Front Walkover → Cartwheel → Back Walkover

Connection, Control, and Confidence in Motion

Why This Combo Matters

This pass combines:

  • Forward inversion control

  • Mid-skill redirection

  • Backward extension and recovery

It’s a complete challenge — testing flexibility, shaping, core strength, and mental clarity. Athletes must stay present, connected, and clean through every transition.

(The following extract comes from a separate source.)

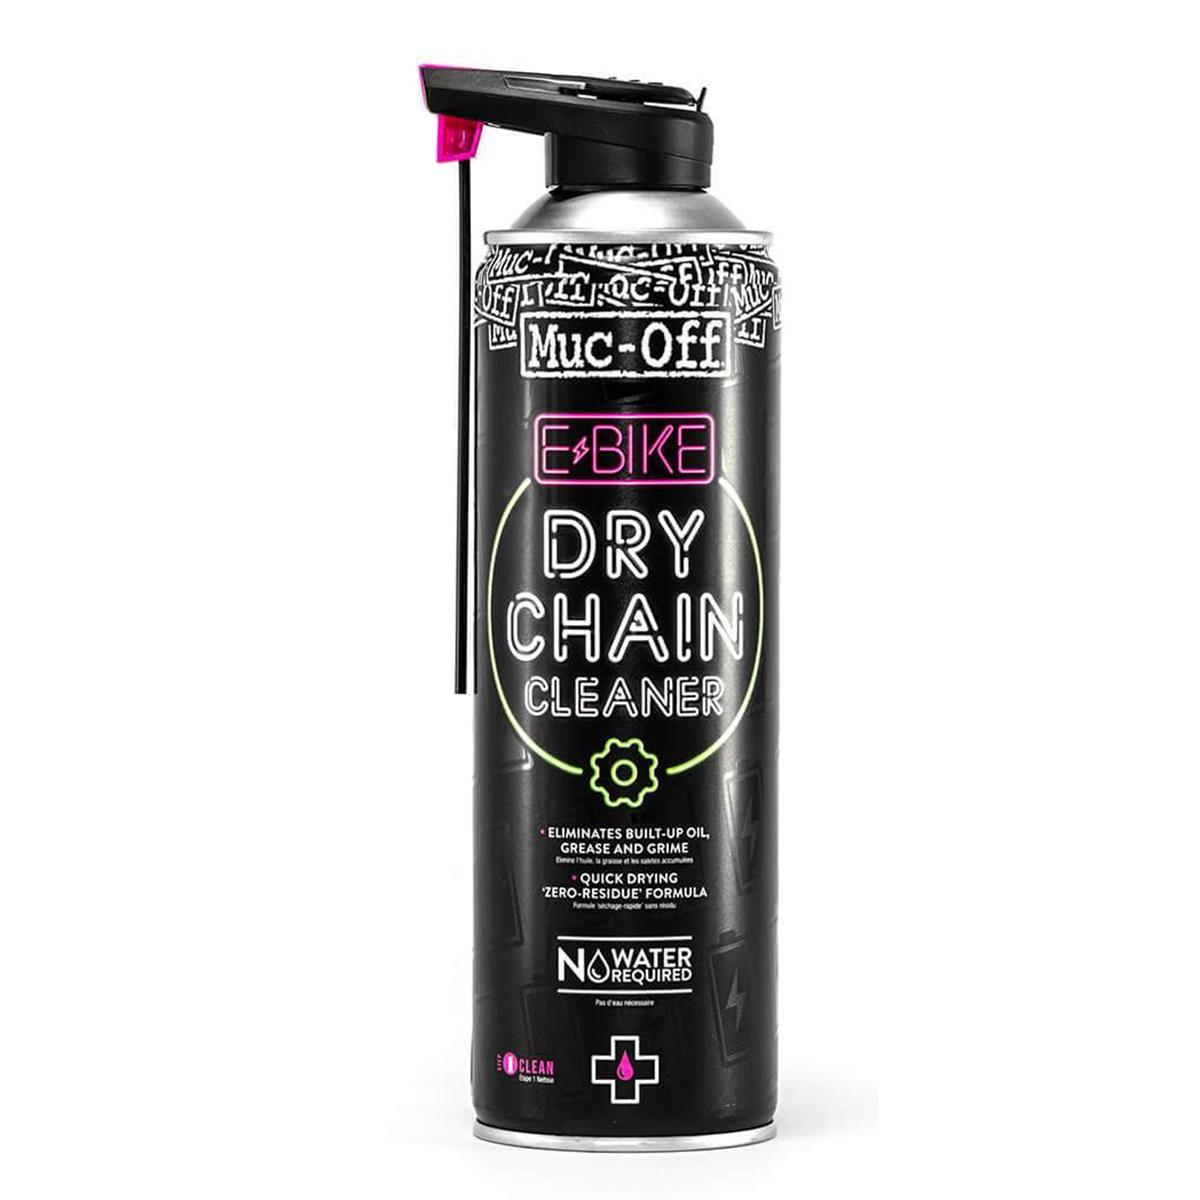 Muc-Off Kettenreiniger E-Bike Dry Chain Cleaner 500 ml

This is a must-have drill for:

  • Improving tumbling transitions

  • Training both front and back movement

  • Building full-body awareness and shaping under pressure

Skill Breakdown

1. Front Walkover

  • Start in a confident lunge

  • Execute with full shoulder and chest openness

  • Emphasize the lift before the lean

  • Land strong, eyes up, arms by ears

2. Cartwheel (Mid-Pass Transition)

  • Flow directly from front walkover landing

  • Maintain momentum, lift the leading leg strong

  • Controlled entry and strong snap-down

  • Chest stays lifted, body flows over with sharp hand placement

3. Back Walkover

  • Immediately shift weight into a step back

  • Arms by ears, shoulders open

  • Lift back leg high into bridge position

  • Strong push-off and return to lunge

Key Technique Focus

  • No pauses — transition smoothly between each skill

  • Arms stay by ears throughout the entire series

  • Pointed toes + extended legs in every phase

  • Controlled shaping in both front and back inversion

  • Directional focus — keep your line tight and clean

Common Errors to Avoid

  • Dropping arms between skills

  • Over-rotating or rushing transitions

  • Loss of core control during direction change

  • Hesitation entering the back walkover

  • Looking down instead of keeping a lifted chest

Coaching Cues

  • “Eyes up, arms tight, flow with purpose”

  • “Finish each skill like it’s your last — then move”

  • “Lift and shape, don’t collapse through transitions”

  • “Treat each phase like a skill of its own”

Why This Drill Works

This sequence teaches:

  • Movement awareness

  • Strength in motion

  • Directional control

  • Mid-skill recovery

  • Transition fluidity — key for full passes later on

By combining these classic foundational skills, athletes learn how to move with confidence between skills, not just inthem.